The federal government cited the MTA with a "serious" violation creating a "life threatening" work environment.

"The millions of commuters who count on us for police and medical service deserve better," O'Meara testified.

It's widely accepted that many first responders died on 9/11 because faulty radios prevented them from hearing emergency transmissions to evacuate.

The tenth year anniversary is just months away and many of those radio problems still exist.

"To get an emergency back-up to their location of terminal 5 at JFK Airport, a police officer has to call the police desk using a department issued cell phone," Robert Morris of the Port Authority Police Union testified.
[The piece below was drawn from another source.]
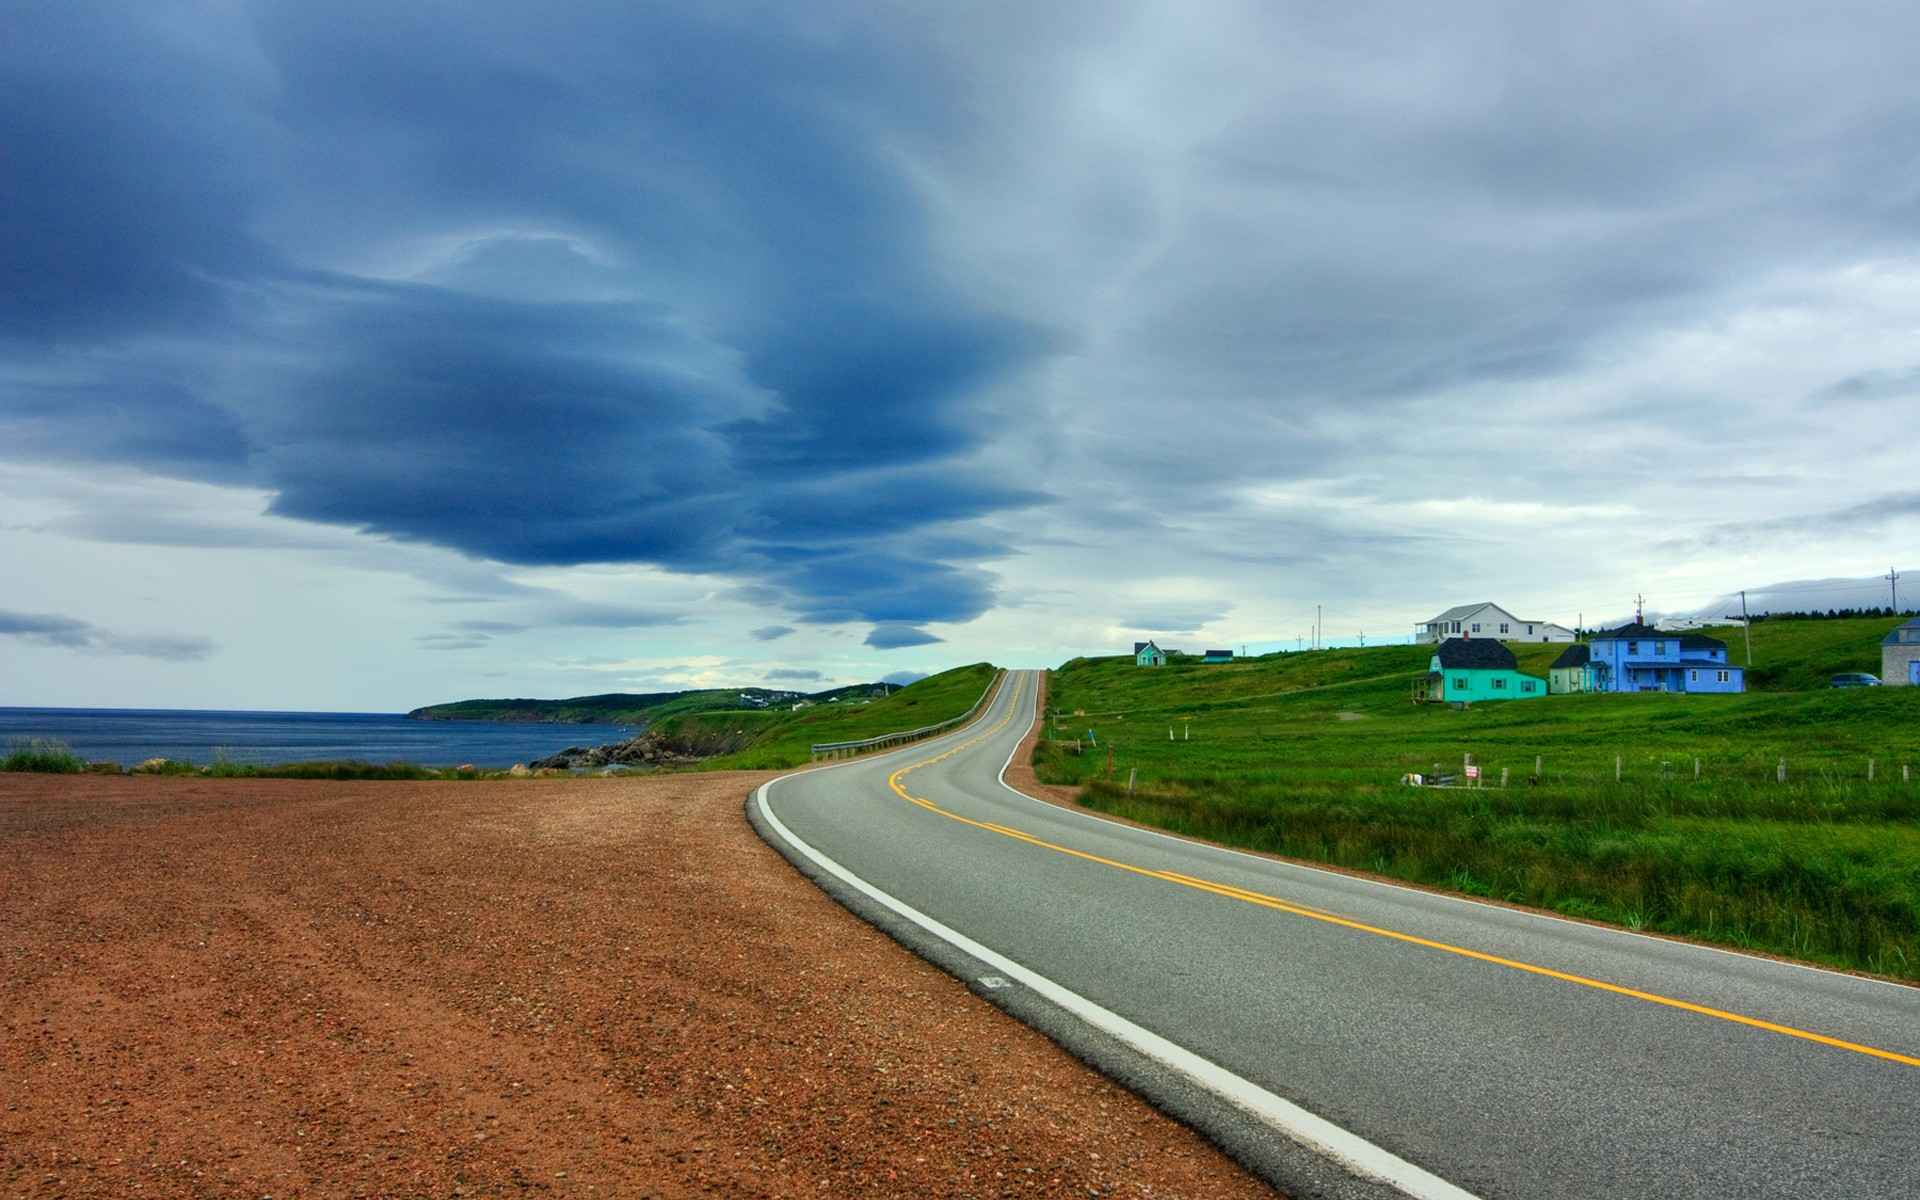 Una pista en paisaje - 1920x1200

The MTA says it has set aside more than $100-million to upgrade its emergency radio system. While it is still years from being completed, the work has begun.

"Once the radios are done, we will have the ability to talk back and forth with NYPD. So, it's coming," Douglas Zeigler, MTA Security Director, testified.

But the biggest fear among many MTA police officers and other first responders is that time could be running out.

The MTA has built a new dispatch center, even added additional towers, but a new radio system won't be selected until sometime this summer and it could be years before the system is fully operational.